Appellate reports

A review of recent cases of interest to plaintiffs’ attorneys, including the landmark State of California v. Allstate Ins. Co.

Jeffrey I. Ehrlich
2009 May

Insurance/pollution exclusion/causation/apportionment

State of California v. Allstate Ins. Co.

(2009) 45 Cal.4th 1008 [90 Cal.Rptr.3d 1]

This is a landmark California insurance decision, which addresses a number of important issues. It will therefore be discussed at greater length than usual. But the reader should be aware that even this expanded summary necessarily omits additional important facets of the decision.
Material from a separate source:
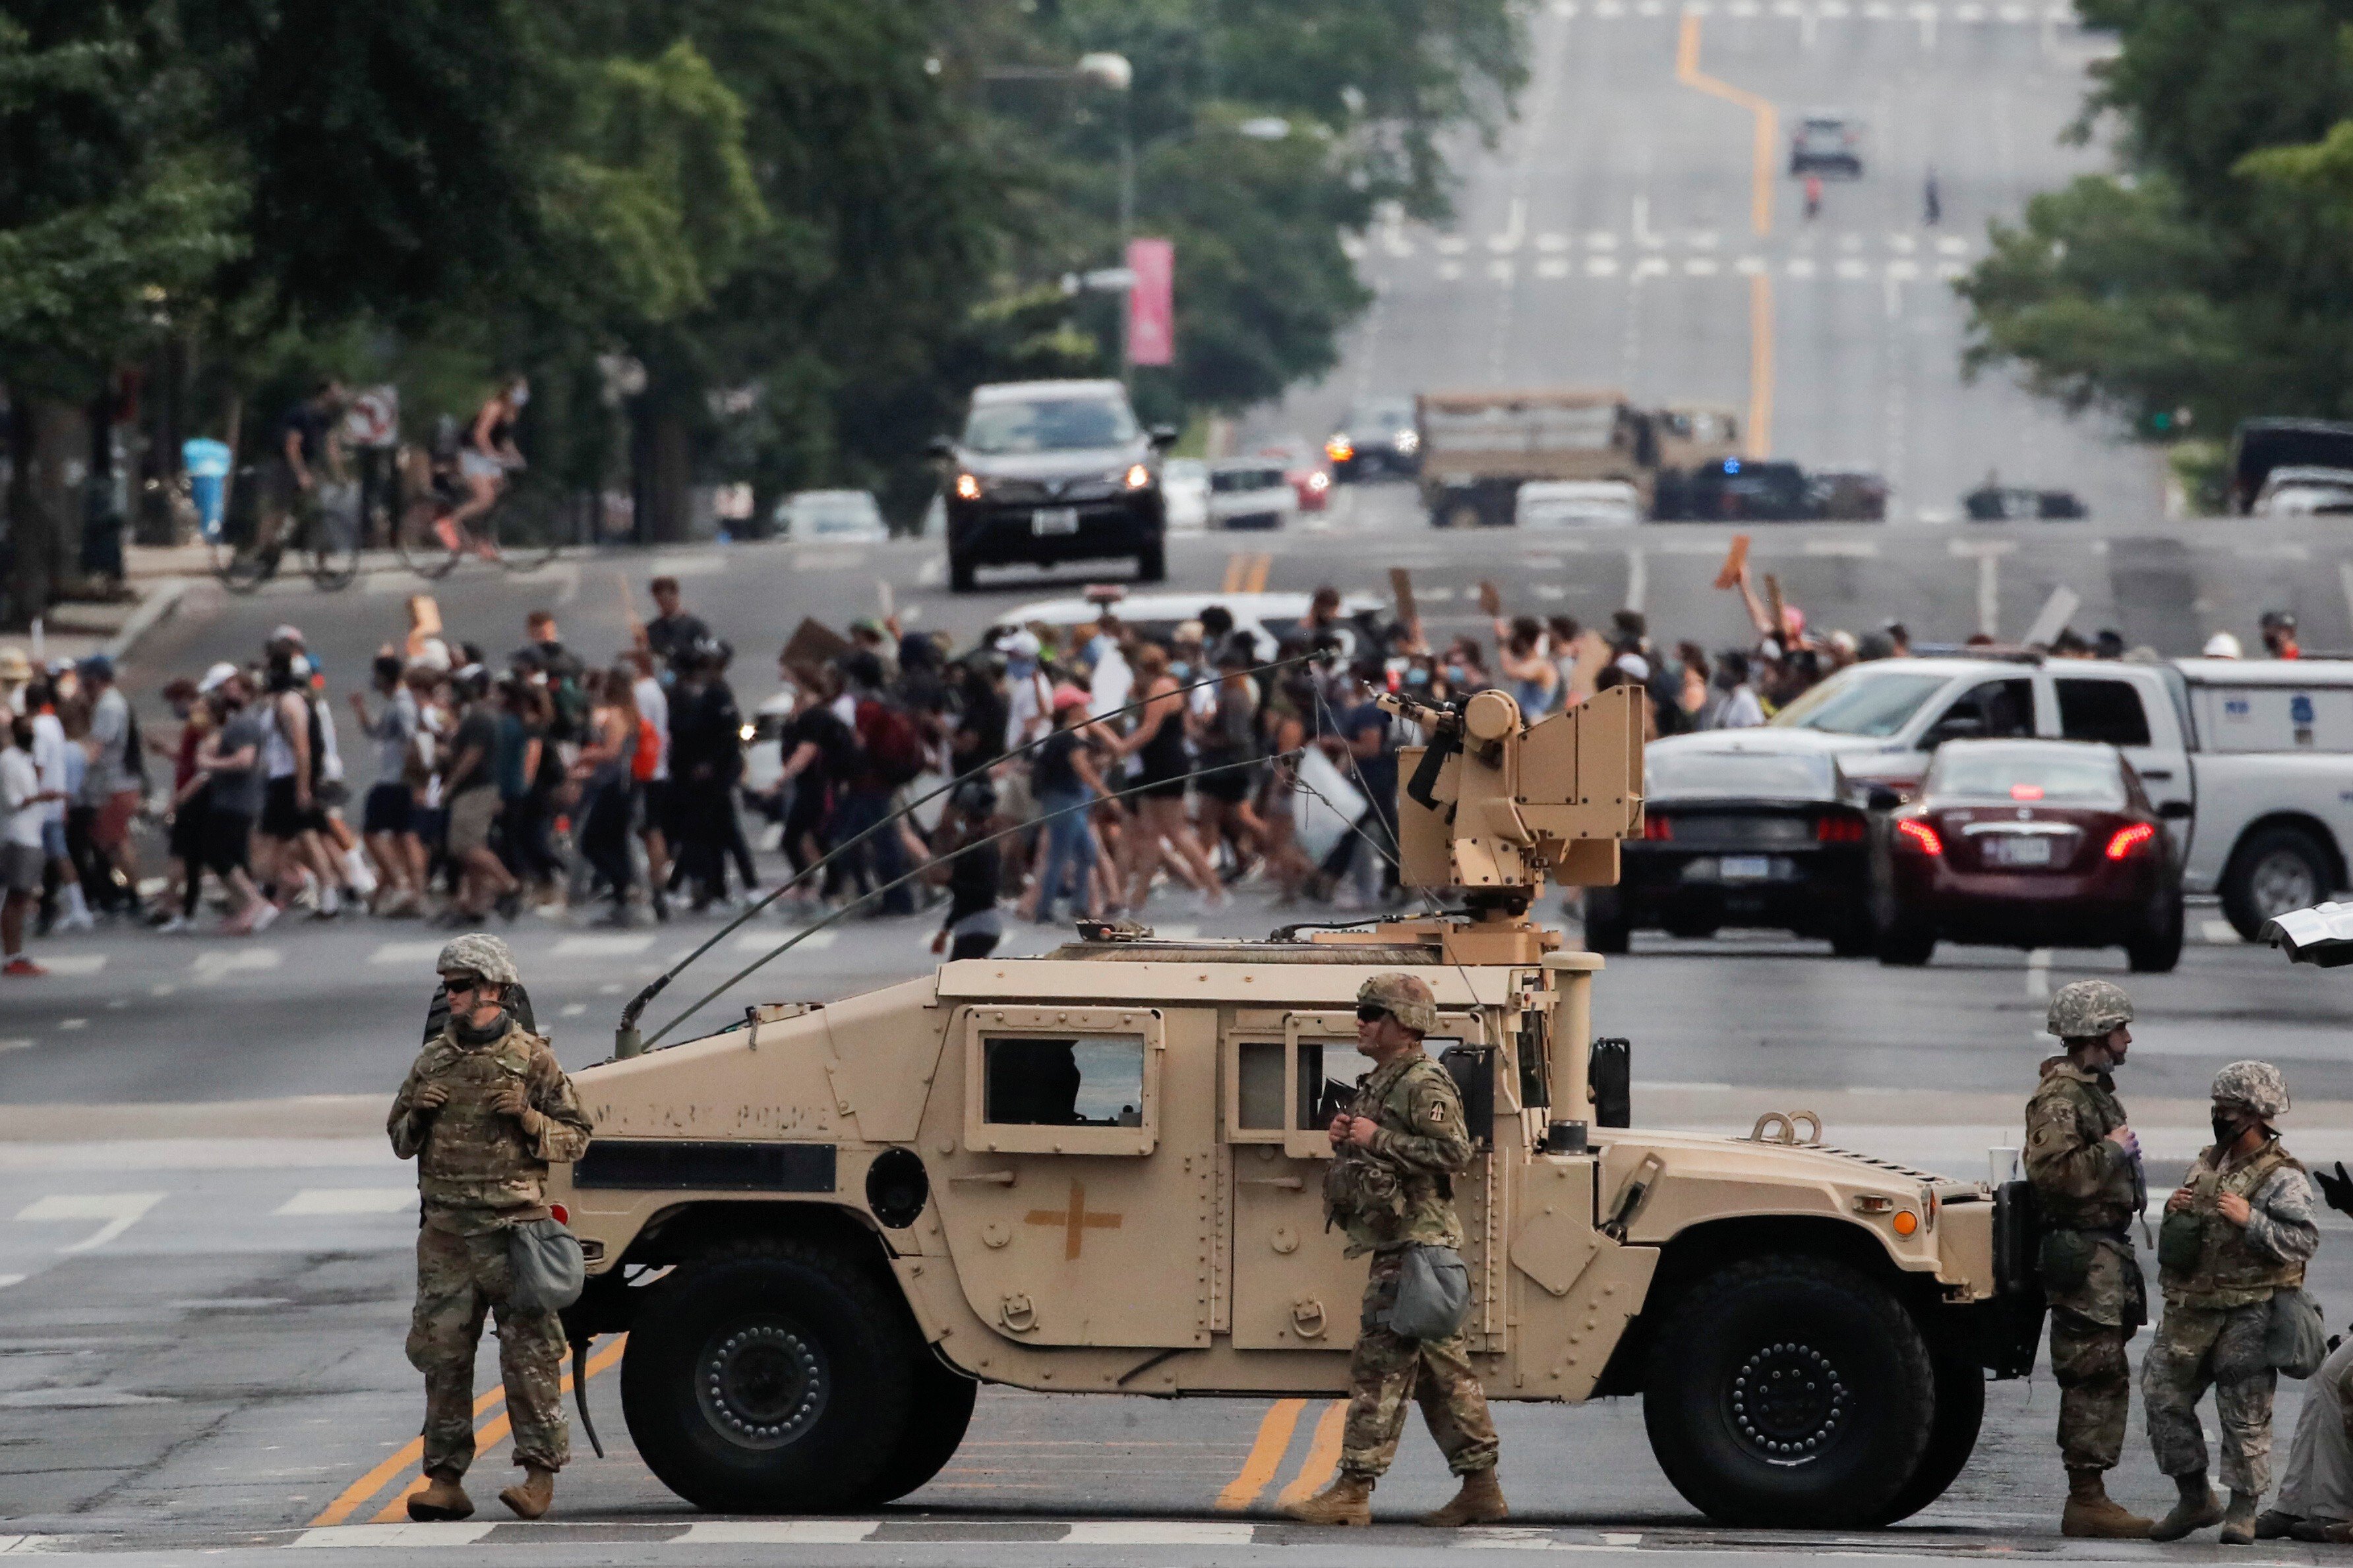 National Guard members near the White House in Washington on Wednesday. Photo: Reuters

The State of California was held liable in a federal-court action for the discharge of hazardous wastes from the Stringfellow Acid Pits. It sought insurance coverage for its liability under four excess-insurance policies, under the coverage provided for property damage. The policies contained a pollution exclusion that barred coverage for property damage arising from pollution, but which contained an exception for “sudden and accidental” discharges of pollutants. The Supreme Court decided the following issues relating to coverage:

(1) In determining whether a discharge is subject to the exception for sudden and accidental discharges, is the proper focus on the initial deposit of the chemical wastes into storage on the site (which was a deliberate act), or, instead, on the escape of the pollutants from the site into the environment? [Held: the proper focus is on the escape of pollutants into the environment.]
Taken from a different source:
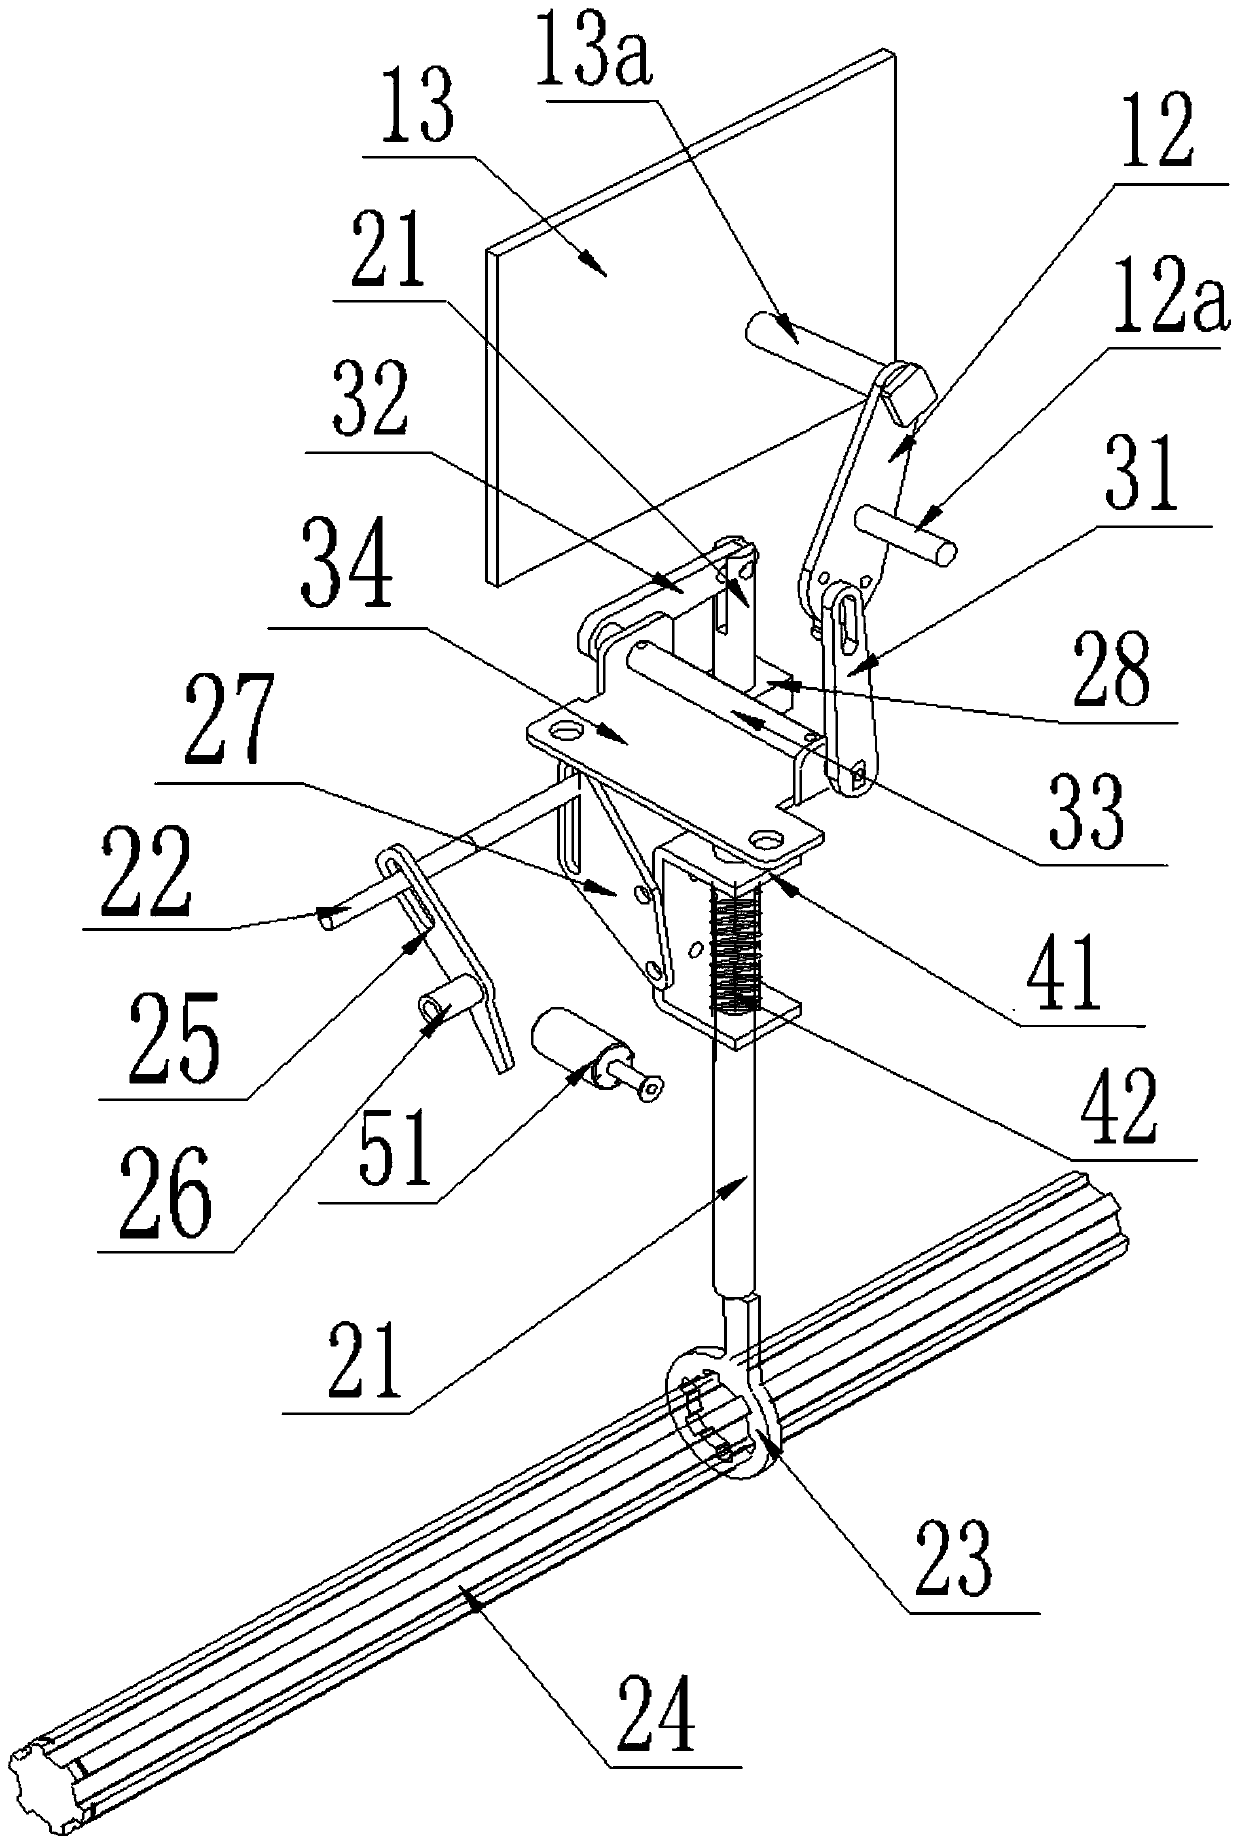 Mechanical interlocking device of isolation switch and breaker

(2) Does the emergency release by the State of polluted runoff to prevent a larger uncontrolled release constitute an “accidental” release? [Held: the emergency release qualified as “accidental”.]

(3) If some, but not all, of the discharges from the site were sudden and accidental, were the insurers entitled to summary judgment because the State could not prove which part of its liability for property damage was the result of the sudden and accidental discharges? [Held: The State was not required to prove, in order to obtain coverage for the loss, which portion of the liability was the result of sudden and accidental discharges.]

The State had selected the location for, designed, and directed the construction of a hazardous-waste disposal site capable of receiving all types of liquid wastes, in the 1950s in Riverside County. The site was known as the Stringfellow Acid Pits. Between the time the site opened in 1956 and its closure in 1972, 30 million gallons of industrial waste was deposited into the unlined evaporation ponds at the site. By 1960, a report showed that chemical pollution was seeping into groundwater below the site, creating a plume of contaminated groundwater as the water moved downgradient from the site. In addition, two major rain-related overflow episodes occurred at the site – one in 1969 and one in 1978. The 1978 event occurred when the State made a series of controlled releases from the ponds in order to prevent the failure of a retention dam.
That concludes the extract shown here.